Return the listing below exactly as it stands. Pictures stay out.

### SOURCE DATA

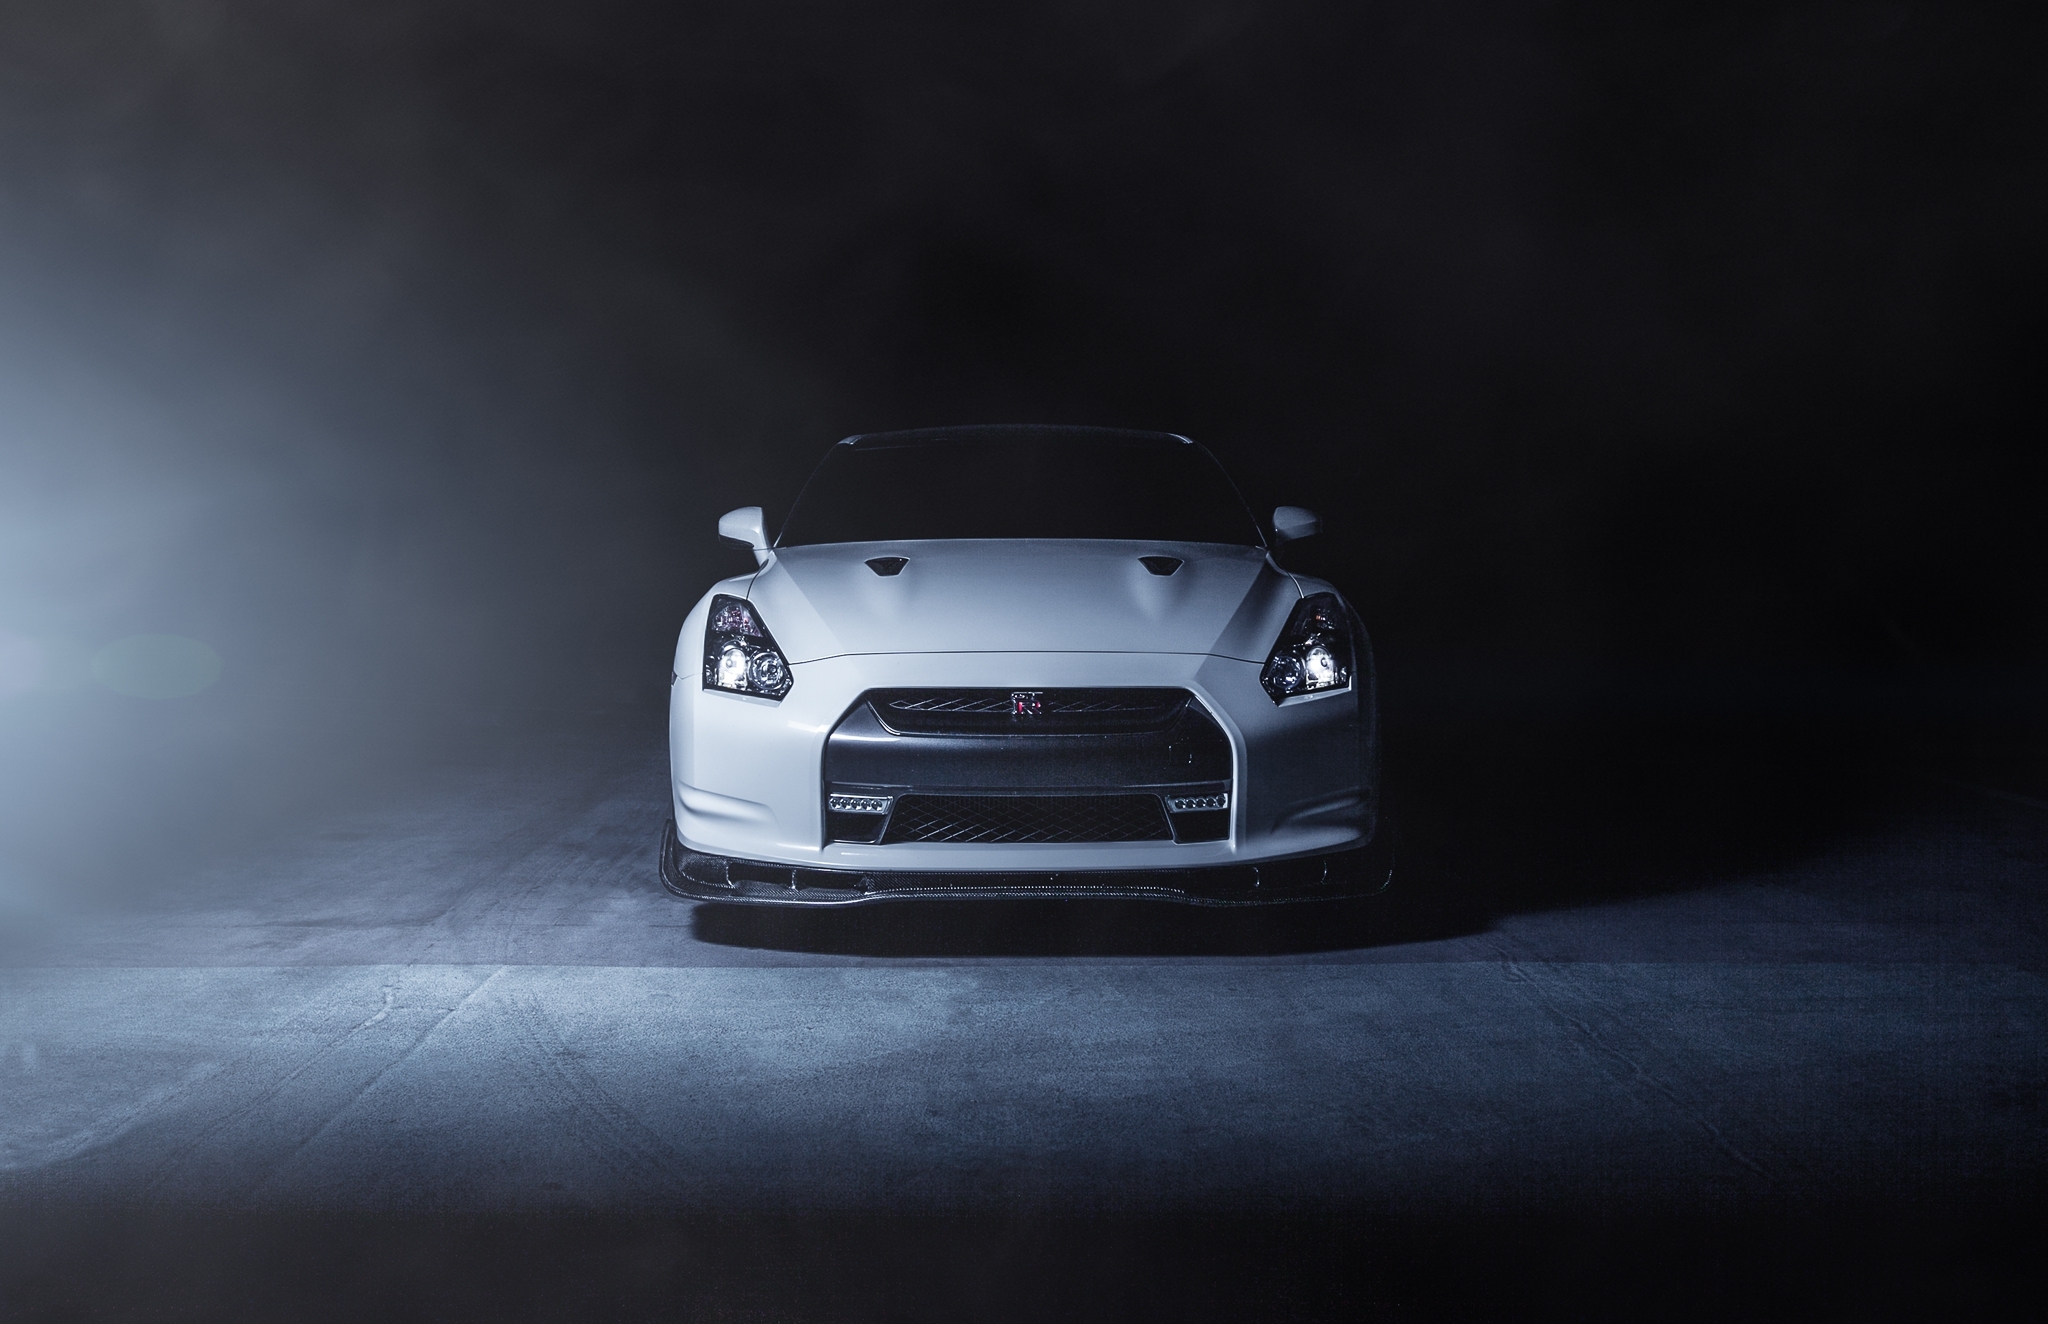 nissan, cars, white, smoke, gt r, front end, limber, r35 for android
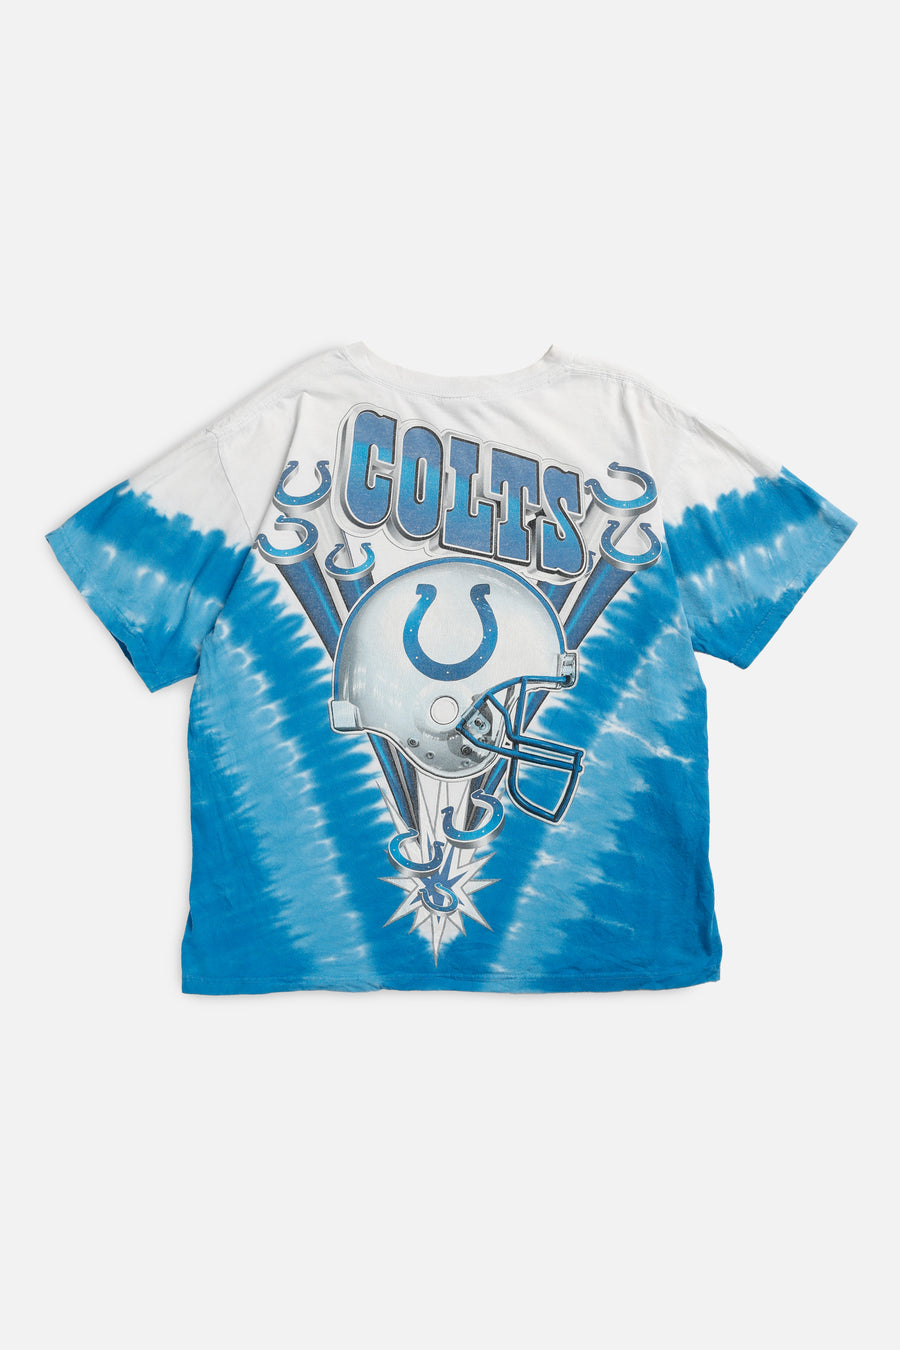 Vintage Indianapolis Colts NFL Tee - M
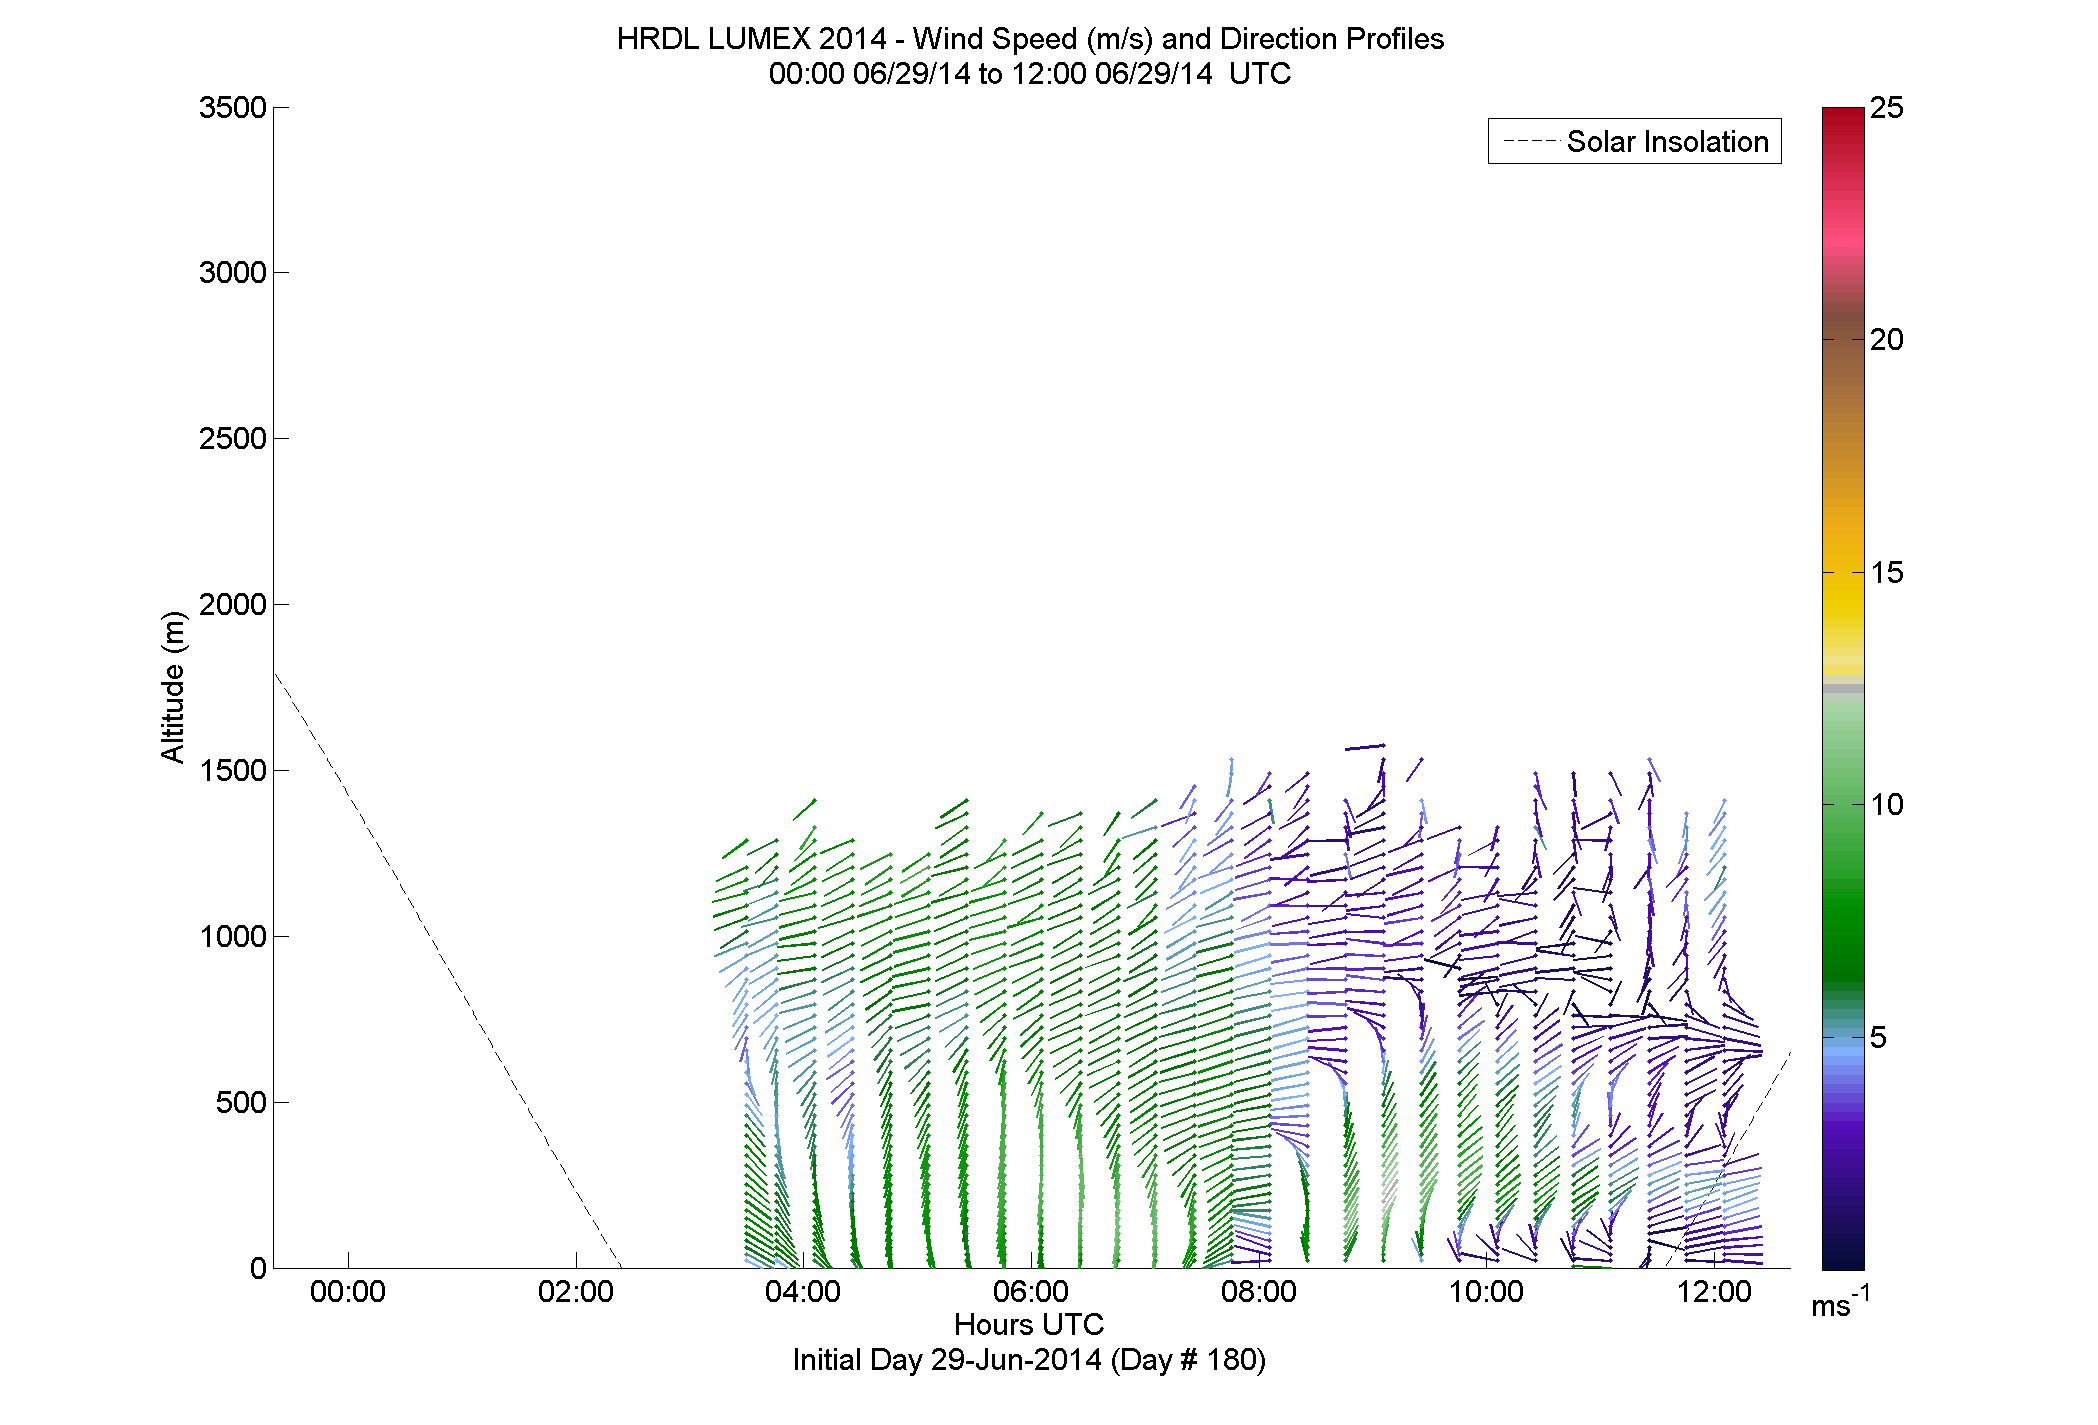 HRDL speed and direction profile - June 29 am

######

> EXPECTED ANSWER:
 nissan, cars, white, smoke, gt r, front end, limber, r35 for android
 Vintage Indianapolis Colts NFL Tee - M
 HRDL speed and direction profile - June 29 am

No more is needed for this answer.